EXERCISE DESCRIPTION:
Copy each line below exactly as it appears. Pictures are to be omitted.

STORED DATA:
---*---

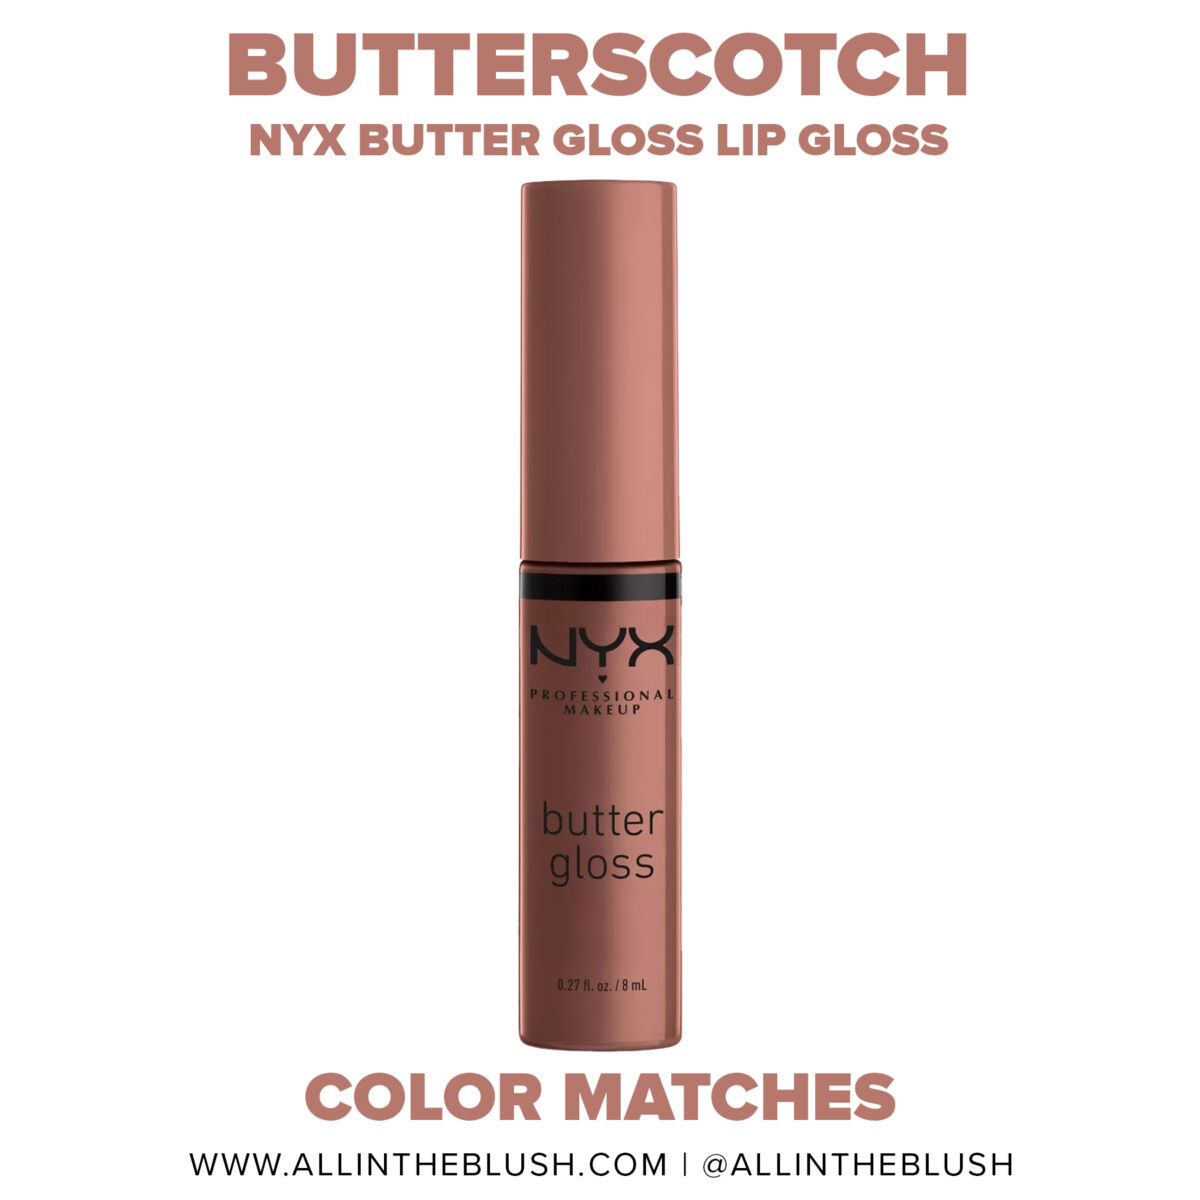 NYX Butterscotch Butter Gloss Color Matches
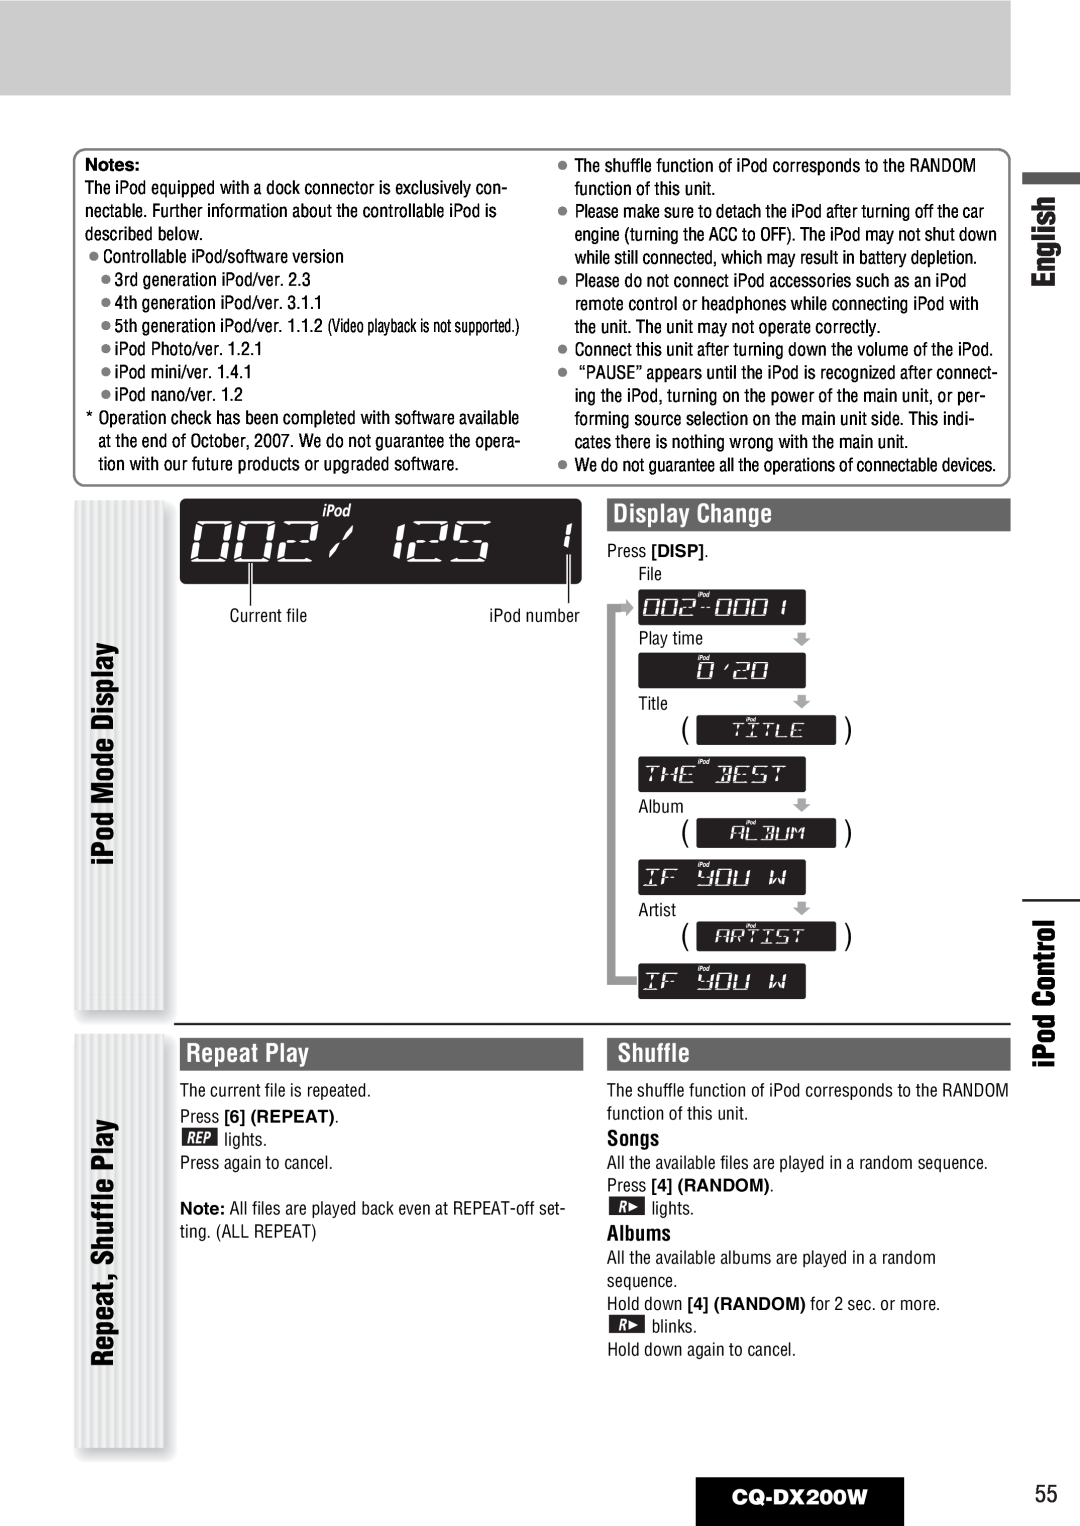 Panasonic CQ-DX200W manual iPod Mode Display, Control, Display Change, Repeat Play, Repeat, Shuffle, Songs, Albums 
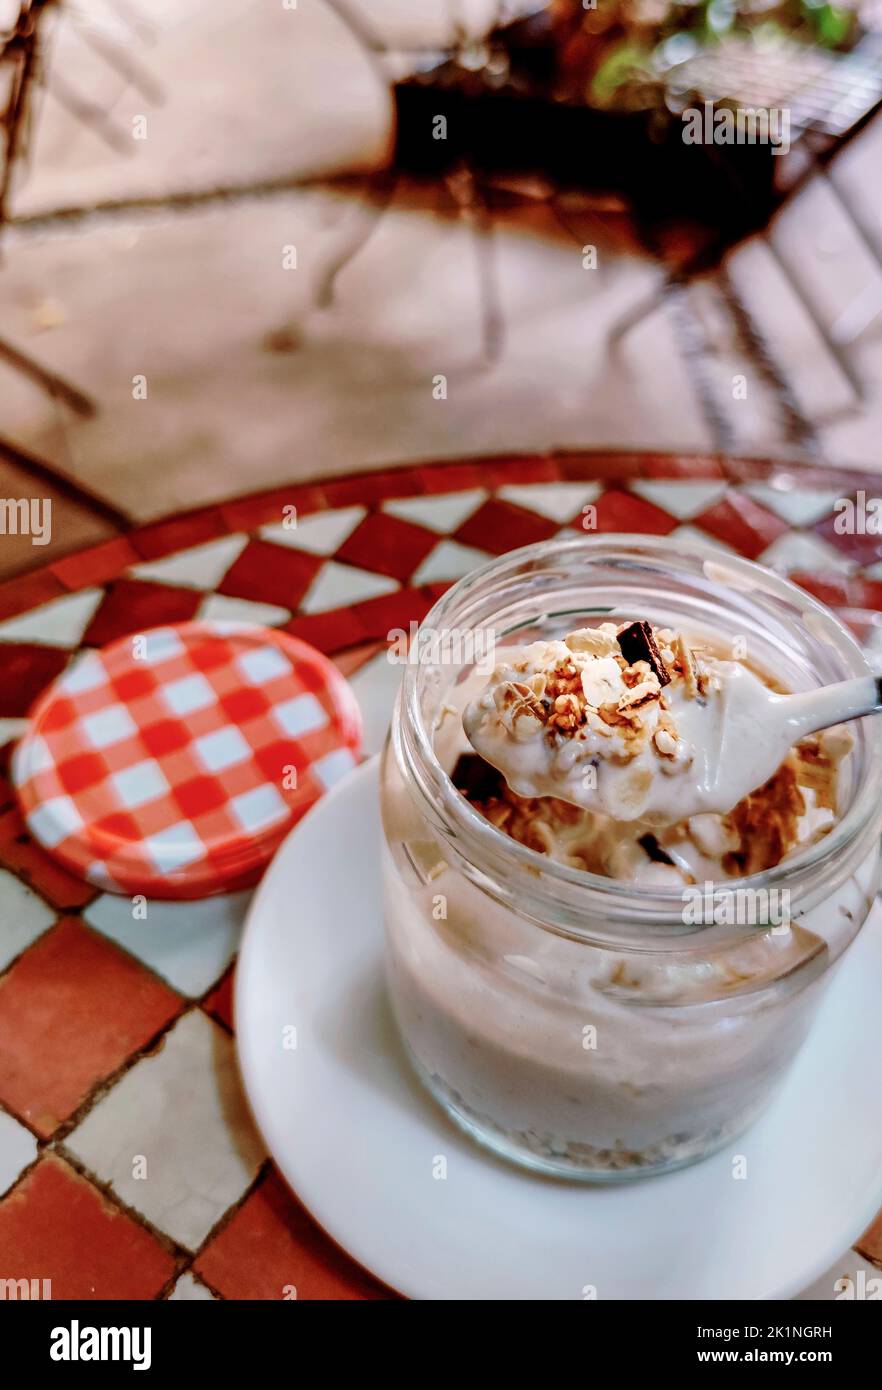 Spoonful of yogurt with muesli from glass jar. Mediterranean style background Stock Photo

---*---

EXERCISE RESULT:
 NYX Butterscotch Butter Gloss Color Matches
 Panasonic CQ-DX200W manual iPod Mode Display, Control, Display Change, Repeat Play, Repeat, Shuffle, Songs, Albums 
 Spoonful of yogurt with muesli from glass jar. Mediterranean style background Stock Photo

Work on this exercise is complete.